Мане, разумеется, и не предполагал, что будет иначе. Огорченный тем, что ему не удастся показать публике много картин и собрать урожай после напряженной двухлетней работы, он не стал ждать результатов ходатайства перед Валевским и попытался хоть как-то исправить для себя пагубные последствия нового законодательства.

Отбирая картины для Салона – он откроется, как обычно, 1 мая, – Мане останавливается на «Купанье» как на главном произведении, затем решает присовокупить к нему пару испанских полотен: «Молодую женщину в костюме эспада» и «Молодого человека в костюме махо». Мане одновременно договаривается с Мартине об устройстве выставки – она включит лучшие из прочих его холстов, ее вернисаж состоится на Итальянском бульваре 1 марта.

Радуясь такому совпадению, Мане размещает у Мартине четырнадцать картин. От «Музыки в Тюильри» до «Старого музыканта», от «Gitanos» до «Испанского балета», от «Уличной певицы» до «Лолы из Валенсии» – таково собрание произведений, которые своим разнообразием и ансамблем должны убедительно доказать публике высокие достоинства живописца Эдуара Мане. Интерес, таким образом, будет разбужен, а «Купанье» – оно появится в Салоне чуть позже – станут рассматривать еще внимательнее. Продумано-то все хорошо.

Слишком хорошо!

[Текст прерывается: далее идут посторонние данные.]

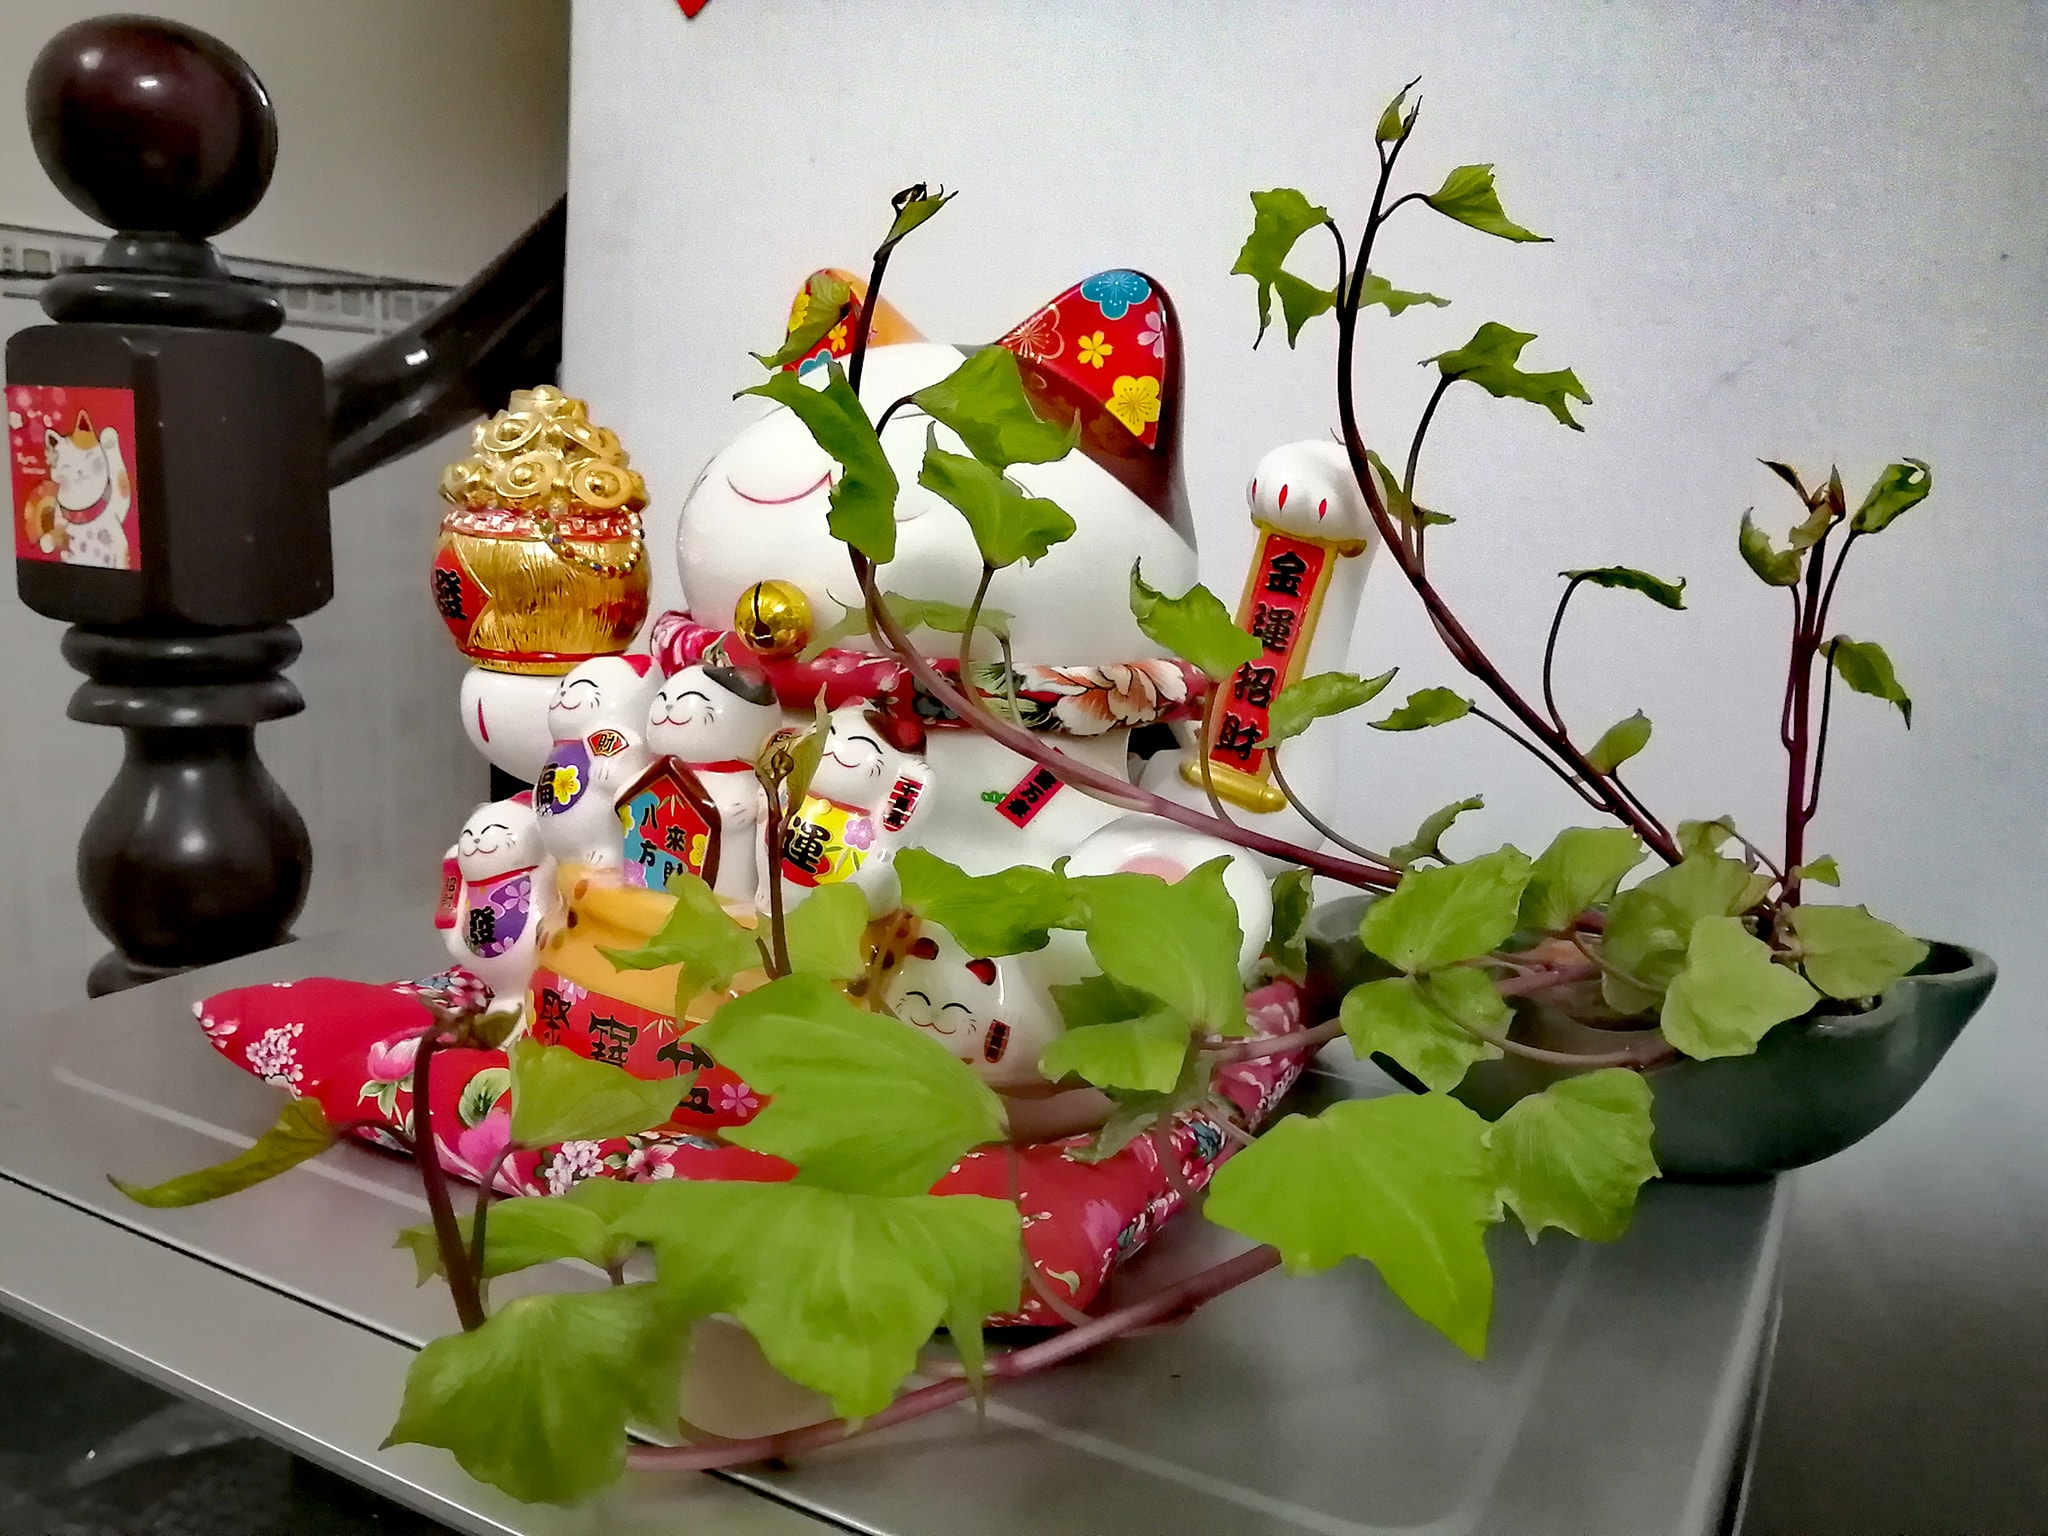 Trồng khoai lang bonsai làm đẹp nhà với các bước dễ vô cùng mà nói ra ai cũng sẽ làm được - Ảnh 5.

Вот только одно: с первых же дней выставки посетители галереи Мартине – а толпа их стремительно растет и ведет себя крайне неспокойно, – к вящему изумлению Мане, проявляют очевидное неодобрение. Свистки, улюлюканье, кто-то пытается даже ткнуть в картину тросточкой. Особенное негодование вызывает «Музыка в Тюильри». Споры перерастают в возмущение. Откуда взялся этот «реалист новейшего образца», до чего обнаглел, выставляет напоказ месиво из красок? Г-н Курбе, несмотря на пошлость своих сюжетов, рядом с ним просто образец благопристойности. Пусть работы г-на Курбе повествуют о чем-то малоприятном, но они хоть о чем-то повествуют, и повествуют неплохо. Но Мане! Ни моделировки, ни пространственной глубины! Нет, вы только поглядите, что за отвратительная живопись, тона просто вопят, а вот эти части вообще едва намечены, а эти мазки – до чего ж они небрежны! Где же полутона, где тщательно переданные переходы – что он, издевается над нами, хорош молодчик! А что означает эта мазня? Ничегошеньки ровным счетом. Сердца не трогает, ничему не учит, ничего не утверждает – ни тебе разграбления города, ни светского адюльтера, ни нежного отношения девочки к своей маленькой собачке. Какое-то сопоставление агрессивных тонов – и только. Агрессивных: вот оно, самое подходящее определение. Этот Мане, по-видимому, решил бросить публике вызов. Шутник! Шутник, который хочет любой ценой привлечь к себе внимание, который ищет скандала и будет на нем спекулировать!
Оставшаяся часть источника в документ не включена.